Annually, National Read a Road Map Day on April 5th challenges us to test our skills.

  • The earliest road map, Britania Atlas, was drawn by cartographer John Ogilby in 1675.
  • In the past, cartographers had limited resources and unsurprisingly made mistakes when drawing maps. For example, in 1798, the first map of Africa featured the massive Mountains of Kong. The only problem was they didn’t exist. Even so, the Mountains of Kong would be placed on maps of Africa for the next 100 years.
  • modern mapmakers often incorporate fake towns into their maps on purpose. These are known as “paper towns”, “phantom settlements,” or (for some reason) “bunnies.” The thinking behind this is that if the cartographer comes across another map with the same fake town, they know it is a copy!
  • The map that’s familiar to most of us is the Mercator projection, it’s been a fixture in classrooms and world atlases for nearly 500 years. It is also, as you might expect, full of inaccuracies.
  • North may be at the top of maps today, but that wasn’t always the case. During the middle ages, most Western maps put east at the top instead.
  • In Latin, the word for east is “oriens”, so to hold the map correctly, you had to “orient” it—that is, make sure East was on top. This is where we get the word “orientation” today.
  • The first map to use the name “America” was created by the German cartographer Martin Waldseemüller in 1507.
  • In 44 CE, ancient Roman thinker Pliny the Elder wrote that every creature on land has a counterpart in the ocean. Because of that, ancient mapmakers would draw sea monsters on their maps to look like aquatic versions of familiar land animals: sea
    cows, sea serpents, sea pigs, marine pig-dogs, etc. If you’ve ever seen a sea lion or a seahorse, this is how they got their names!
  • The oldest globe on record dates back to around 1,500 and is carved on the surface of an ostrich egg.  It’s also the first time the phrase “here be dragons” appears on a map.

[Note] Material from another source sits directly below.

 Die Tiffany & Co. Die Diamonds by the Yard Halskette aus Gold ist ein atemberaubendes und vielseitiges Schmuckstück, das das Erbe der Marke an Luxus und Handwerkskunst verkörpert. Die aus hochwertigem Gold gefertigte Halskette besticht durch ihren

  • The oldest known map is not of the Earth but of the stars. In 2000, a map of the night sky was discovered in one of the caves in the cave complex at Lascaux, France and is believed to be more than 16,500 years old.
  • Map censorship or cartographic censorship is a real thing. Governments prohibit the publishing of maps with locations of military installations, security bases, communication towers, and defense installations. Satellite imagery has rendered such censorship less effective, but still, governments continue to practice it to protect national interests.

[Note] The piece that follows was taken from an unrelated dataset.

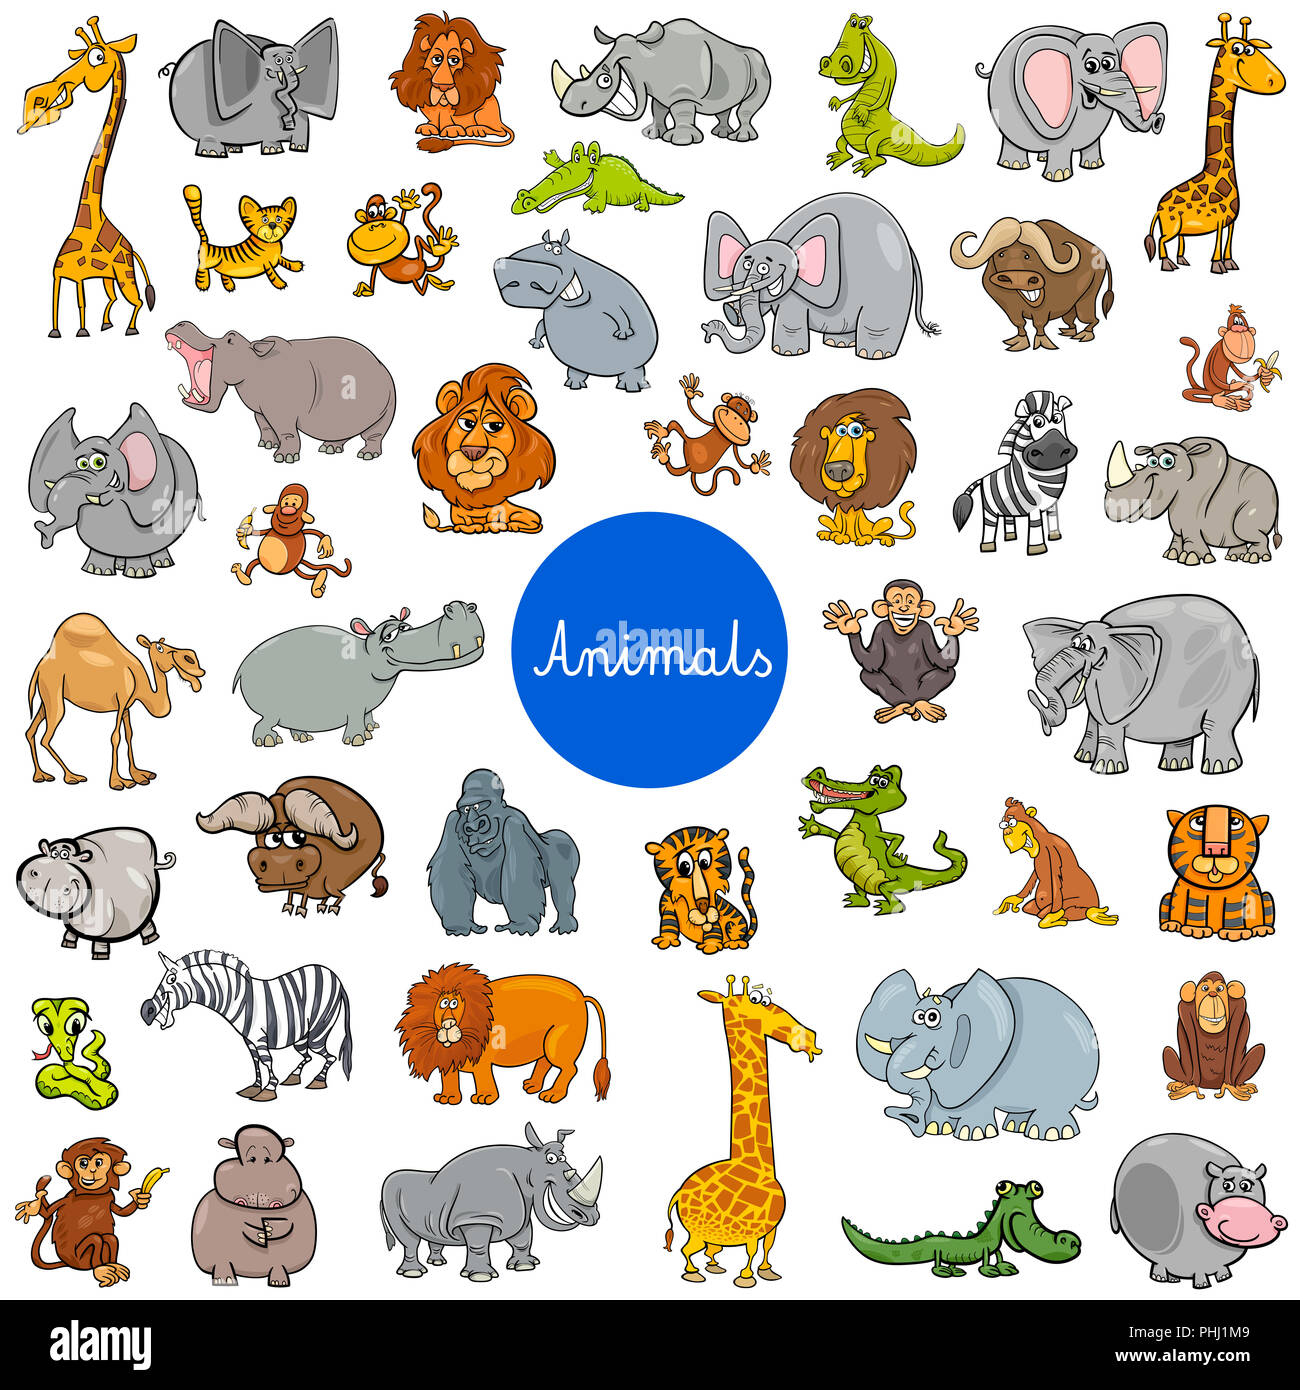 wild animal characters big set Stock Photo - Alamy

  • Current maps do not include old Route 66. The last stretch of the road disappeared from “official” maps in 1985.
  • Route 66 crosses 8 states and 3 time zones. The states that the Mother Road runs through are: IllinoisMissouriKansasOklahomaTexasNew MexicoArizona, and California.

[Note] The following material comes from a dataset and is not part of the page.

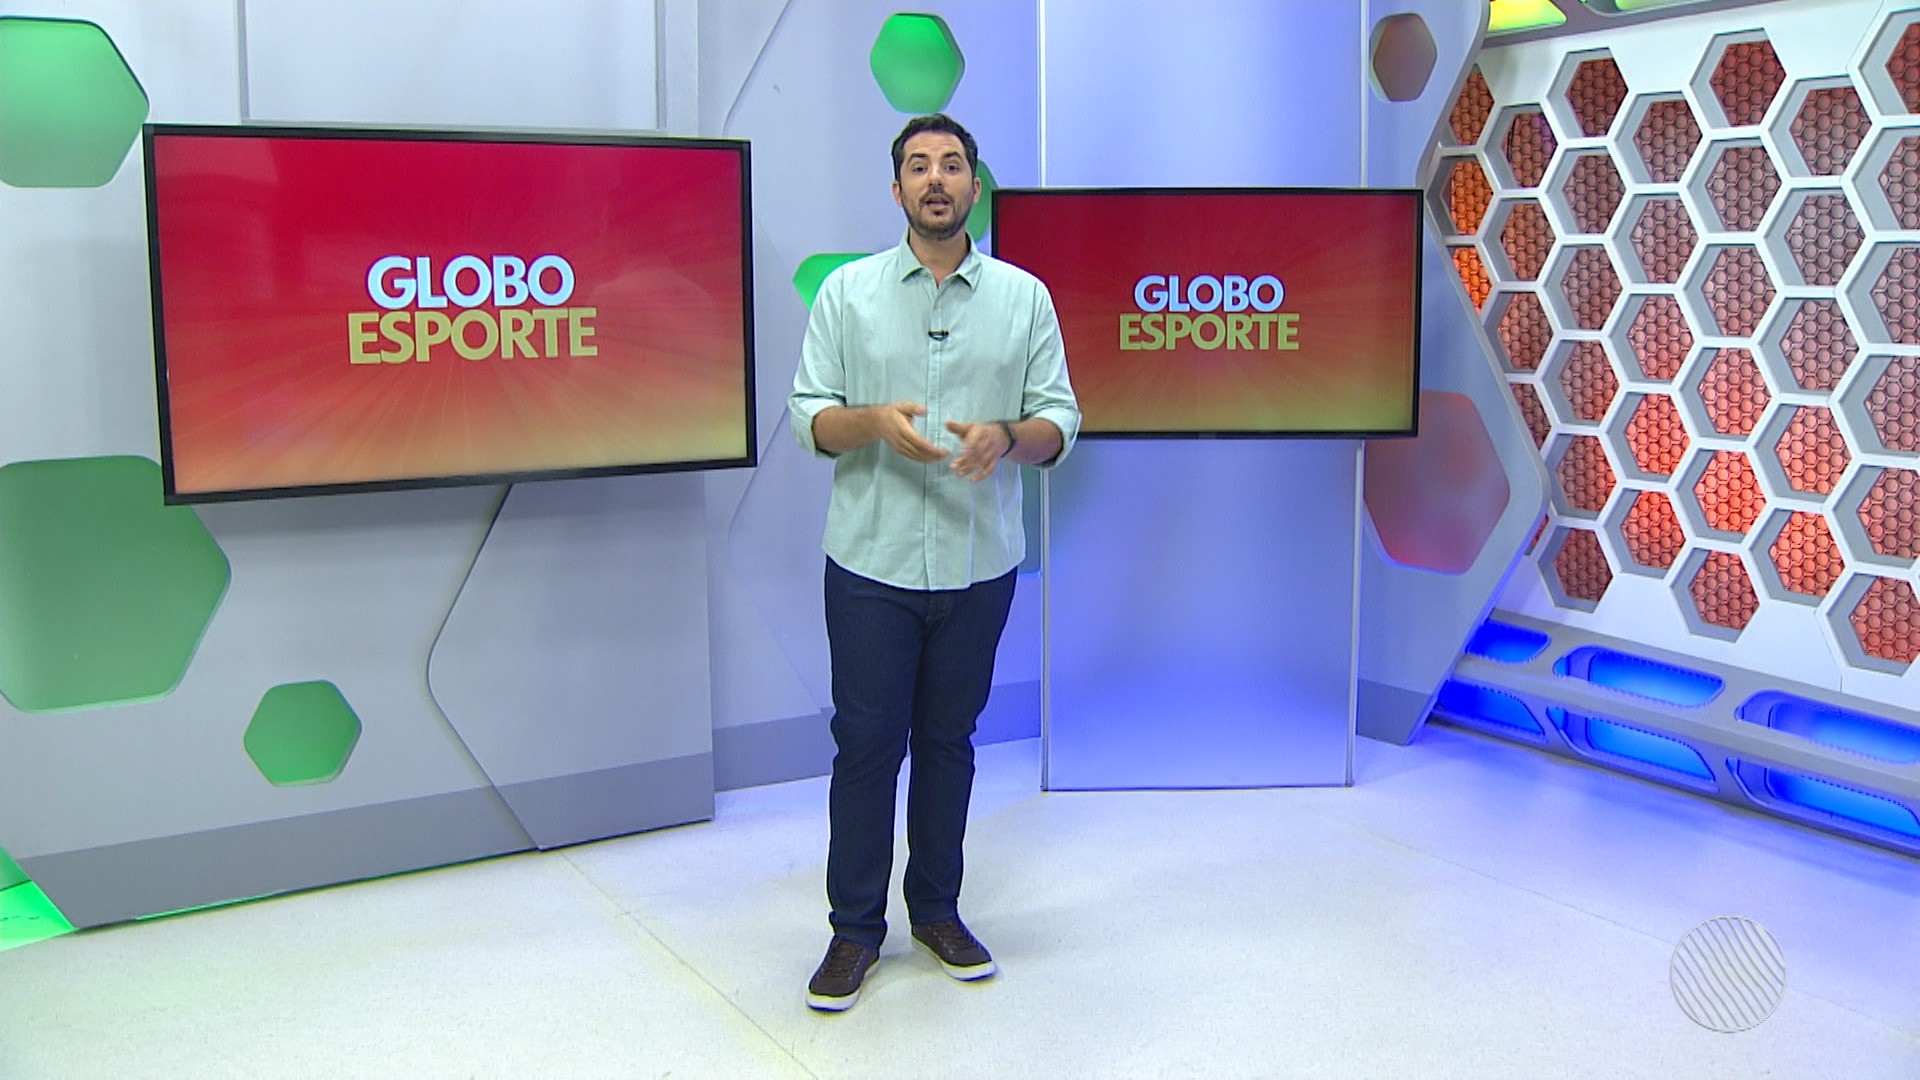 Secar o Cruzeiro ○ Reprodução do programa Globo Esporte Bahia produz

  • Because of a change in the alignment of Route 66 in 1937, there is an intersection where Route 66 crosses itself at Central Avenue and 4th Street in downtown Albuquerque, New Mexico. Here, you can stand on the corner of Route 66 and Route 66.
  • The last original Route 66 road sign was taken down in Chicago on January 17, 1977.
  • According to the National League of Cities, the most common U.S. street name is Second. The 2nd most common name is Third. The 3rd most common name is First.